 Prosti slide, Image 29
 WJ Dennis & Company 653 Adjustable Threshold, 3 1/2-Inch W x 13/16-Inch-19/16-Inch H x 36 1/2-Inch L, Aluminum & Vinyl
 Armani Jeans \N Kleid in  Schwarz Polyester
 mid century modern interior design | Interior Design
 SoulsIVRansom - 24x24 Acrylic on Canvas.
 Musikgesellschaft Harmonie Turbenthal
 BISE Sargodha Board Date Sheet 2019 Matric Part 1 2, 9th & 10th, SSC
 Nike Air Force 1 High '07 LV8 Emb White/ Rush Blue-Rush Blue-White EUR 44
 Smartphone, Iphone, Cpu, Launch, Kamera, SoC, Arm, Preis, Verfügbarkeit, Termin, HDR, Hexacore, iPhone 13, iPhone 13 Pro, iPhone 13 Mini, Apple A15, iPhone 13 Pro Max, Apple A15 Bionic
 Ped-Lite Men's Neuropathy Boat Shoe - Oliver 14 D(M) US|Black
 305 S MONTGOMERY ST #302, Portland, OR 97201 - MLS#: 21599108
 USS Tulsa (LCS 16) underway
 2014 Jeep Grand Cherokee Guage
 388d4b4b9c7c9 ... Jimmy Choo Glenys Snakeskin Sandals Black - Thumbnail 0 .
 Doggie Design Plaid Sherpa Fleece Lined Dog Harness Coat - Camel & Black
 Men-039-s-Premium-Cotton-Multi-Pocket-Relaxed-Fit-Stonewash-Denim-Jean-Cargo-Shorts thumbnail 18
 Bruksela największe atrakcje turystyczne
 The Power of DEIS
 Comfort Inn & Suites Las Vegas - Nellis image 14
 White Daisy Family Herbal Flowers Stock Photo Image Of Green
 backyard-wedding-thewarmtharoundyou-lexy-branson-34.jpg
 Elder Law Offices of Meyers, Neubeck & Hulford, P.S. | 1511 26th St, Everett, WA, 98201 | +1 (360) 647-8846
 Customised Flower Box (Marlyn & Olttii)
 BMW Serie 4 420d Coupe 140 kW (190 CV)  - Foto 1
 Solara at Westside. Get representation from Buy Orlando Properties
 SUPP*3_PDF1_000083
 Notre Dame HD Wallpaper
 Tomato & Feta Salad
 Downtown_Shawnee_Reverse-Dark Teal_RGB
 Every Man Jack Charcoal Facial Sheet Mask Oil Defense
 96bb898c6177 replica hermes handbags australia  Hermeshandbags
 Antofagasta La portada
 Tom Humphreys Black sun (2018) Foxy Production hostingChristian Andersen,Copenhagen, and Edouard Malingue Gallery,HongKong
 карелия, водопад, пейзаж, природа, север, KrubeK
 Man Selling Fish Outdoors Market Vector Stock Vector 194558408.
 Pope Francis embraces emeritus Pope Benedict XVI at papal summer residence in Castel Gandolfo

#### What is expected
Starting with the line that holds "White Daisy Family", copy each remaining line of the listing above exactly, through the last one.

#### Reply
 White Daisy Family Herbal Flowers Stock Photo Image Of Green
 backyard-wedding-thewarmtharoundyou-lexy-branson-34.jpg
 Elder Law Offices of Meyers, Neubeck & Hulford, P.S. | 1511 26th St, Everett, WA, 98201 | +1 (360) 647-8846
 Customised Flower Box (Marlyn & Olttii)
 BMW Serie 4 420d Coupe 140 kW (190 CV)  - Foto 1
 Solara at Westside. Get representation from Buy Orlando Properties
 SUPP*3_PDF1_000083
 Notre Dame HD Wallpaper
 Tomato & Feta Salad
 Downtown_Shawnee_Reverse-Dark Teal_RGB
 Every Man Jack Charcoal Facial Sheet Mask Oil Defense
 96bb898c6177 replica hermes handbags australia  Hermeshandbags
 Antofagasta La portada
 Tom Humphreys Black sun (2018) Foxy Production hostingChristian Andersen,Copenhagen, and Edouard Malingue Gallery,HongKong
 карелия, водопад, пейзаж, природа, север, KrubeK
 Man Selling Fish Outdoors Market Vector Stock Vector 194558408.
 Pope Francis embraces emeritus Pope Benedict XVI at papal summer residence in Castel Gandolfo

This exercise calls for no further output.